Exercise directions: How do the lines below between the ones holding "Wendenringbrücke, Planung des" and "Dylan Herren Jeans", inclusive, read? Give them again exactly, with no other lines.

Records shown:
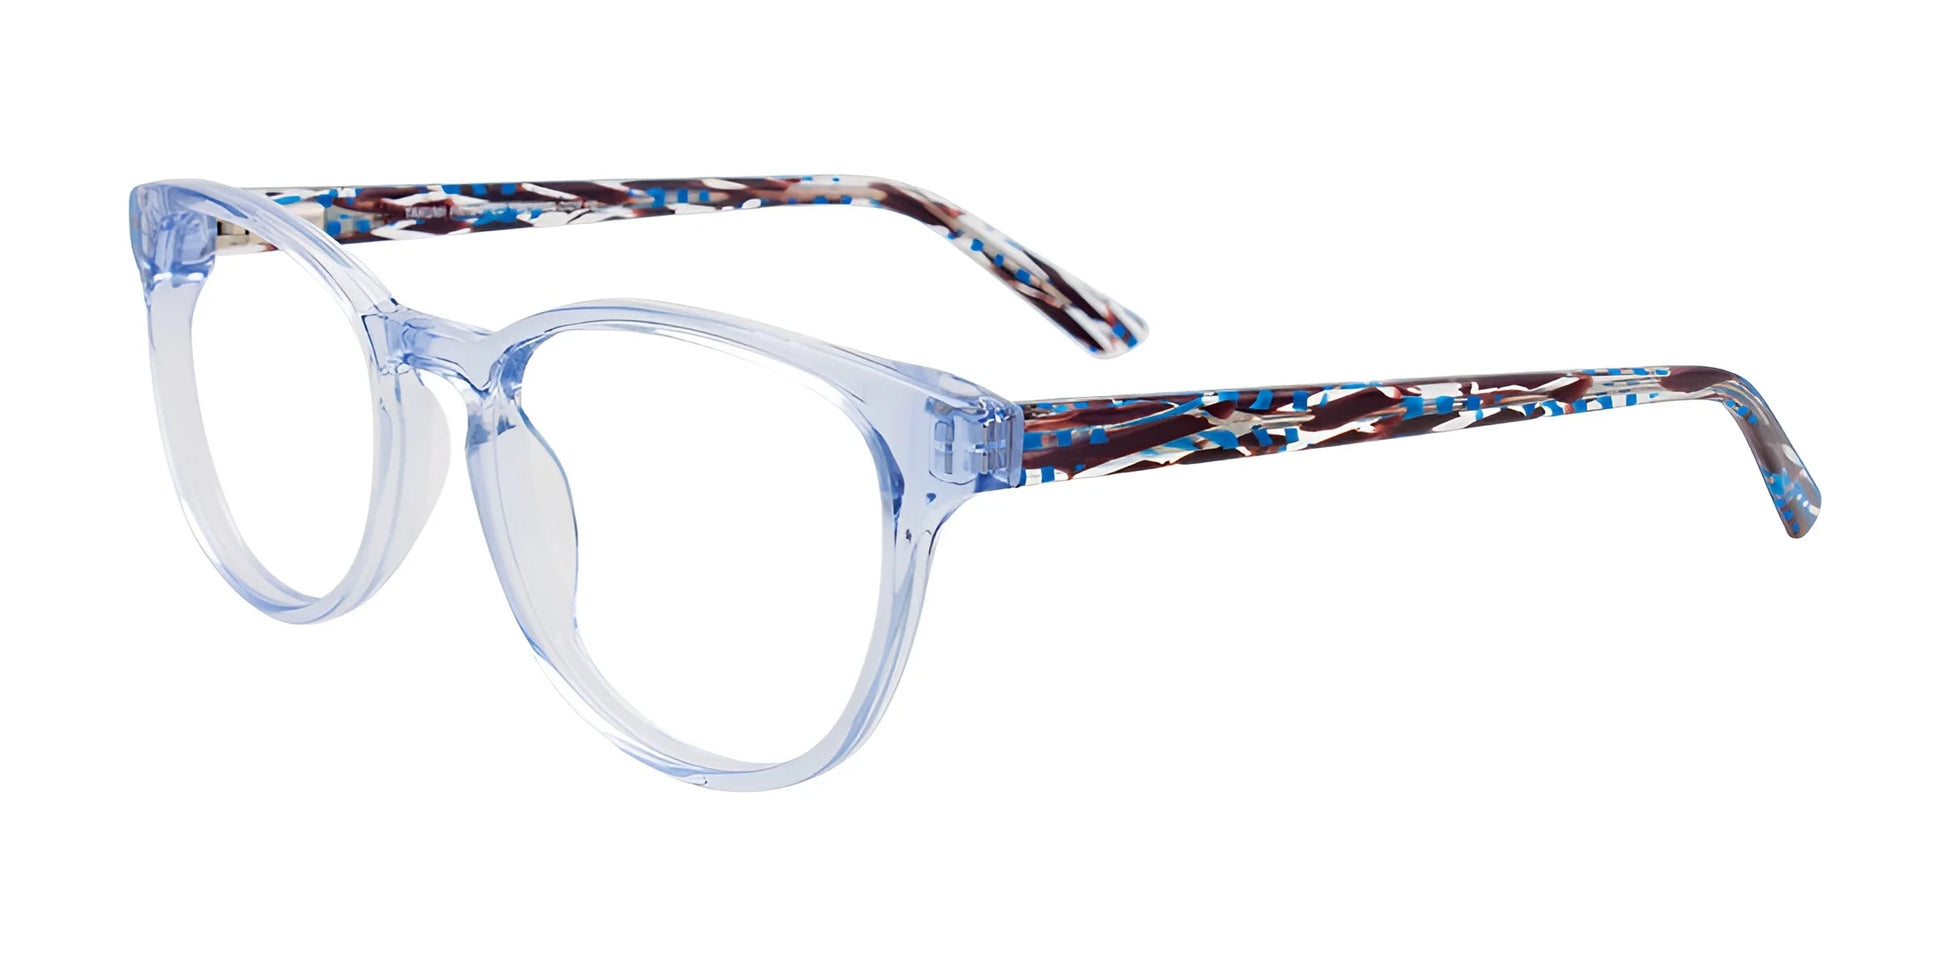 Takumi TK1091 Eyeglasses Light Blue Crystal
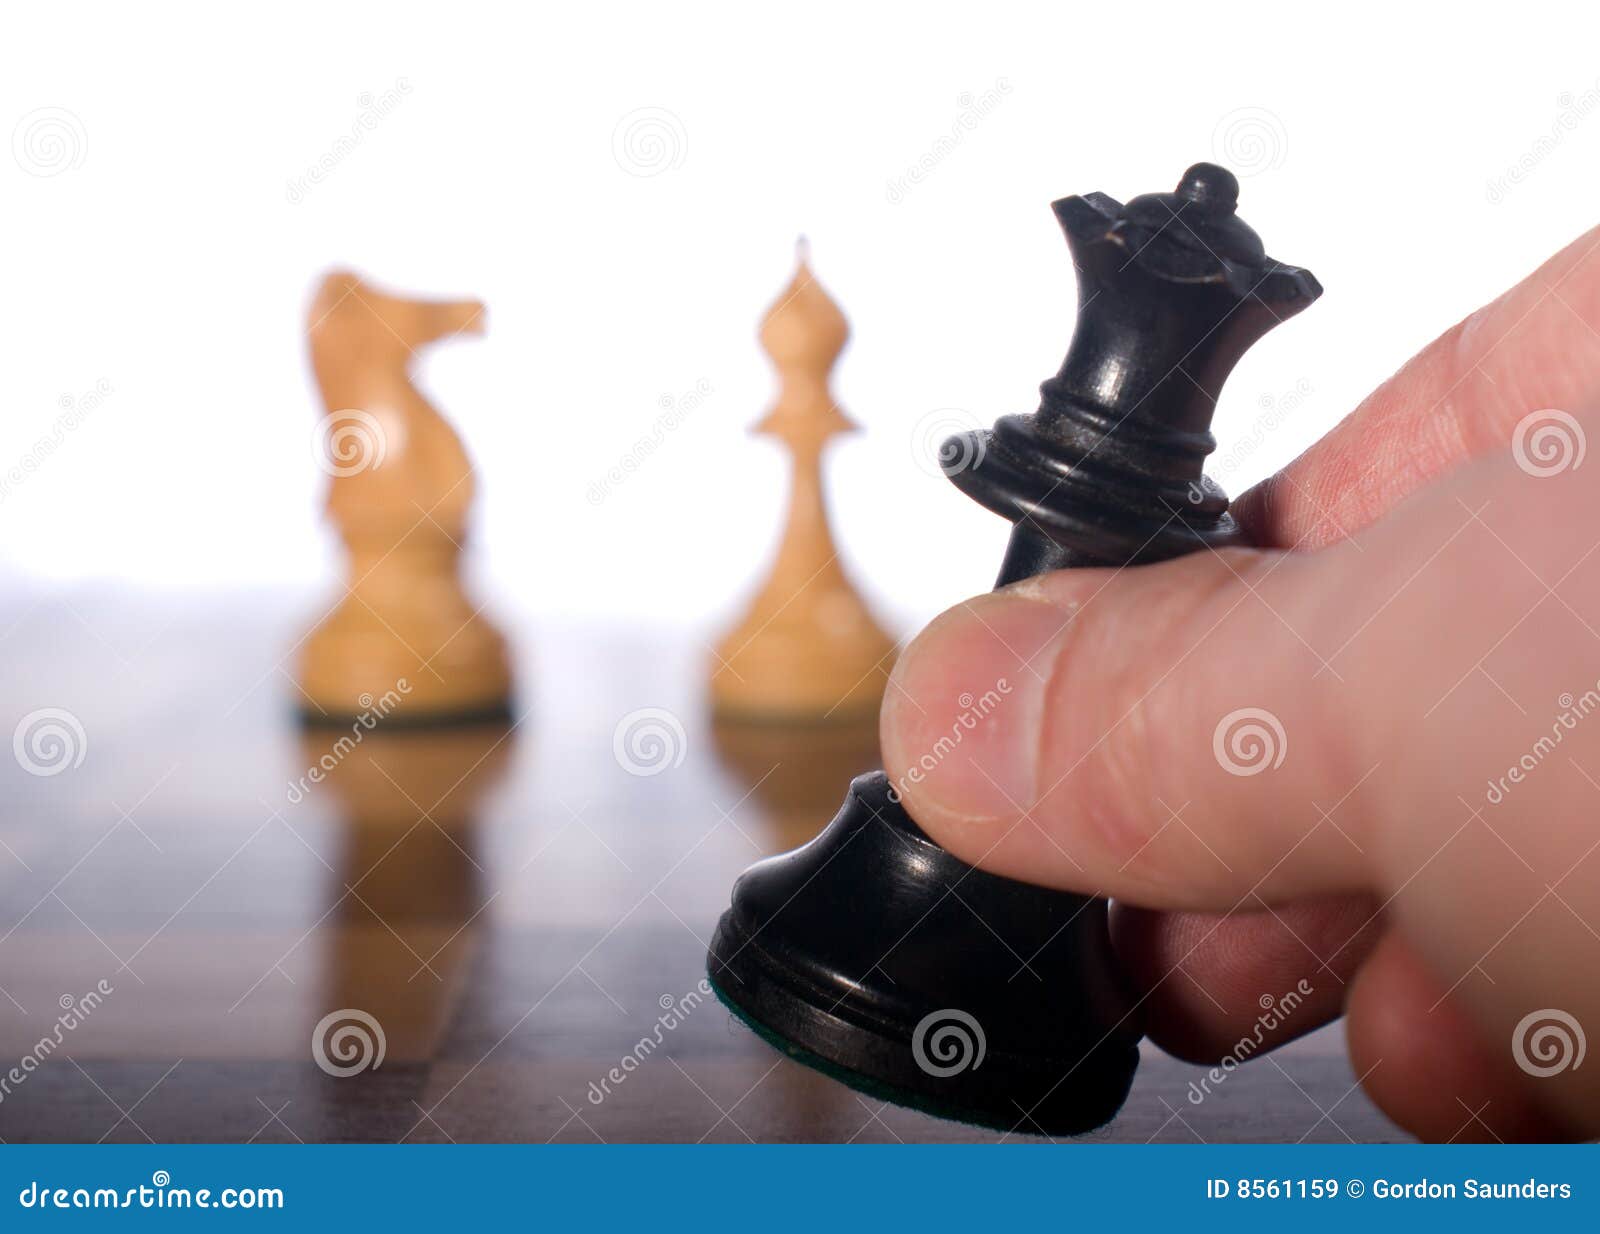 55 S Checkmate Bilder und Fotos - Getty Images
---
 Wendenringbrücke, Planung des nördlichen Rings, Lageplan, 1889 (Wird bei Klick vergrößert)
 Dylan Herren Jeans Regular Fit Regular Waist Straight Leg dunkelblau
...
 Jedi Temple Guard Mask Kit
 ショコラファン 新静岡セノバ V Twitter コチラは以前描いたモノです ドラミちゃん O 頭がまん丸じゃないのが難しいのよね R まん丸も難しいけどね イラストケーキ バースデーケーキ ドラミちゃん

Written response:
 Wendenringbrücke, Planung des nördlichen Rings, Lageplan, 1889 (Wird bei Klick vergrößert)
 Dylan Herren Jeans Regular Fit Regular Waist Straight Leg dunkelblau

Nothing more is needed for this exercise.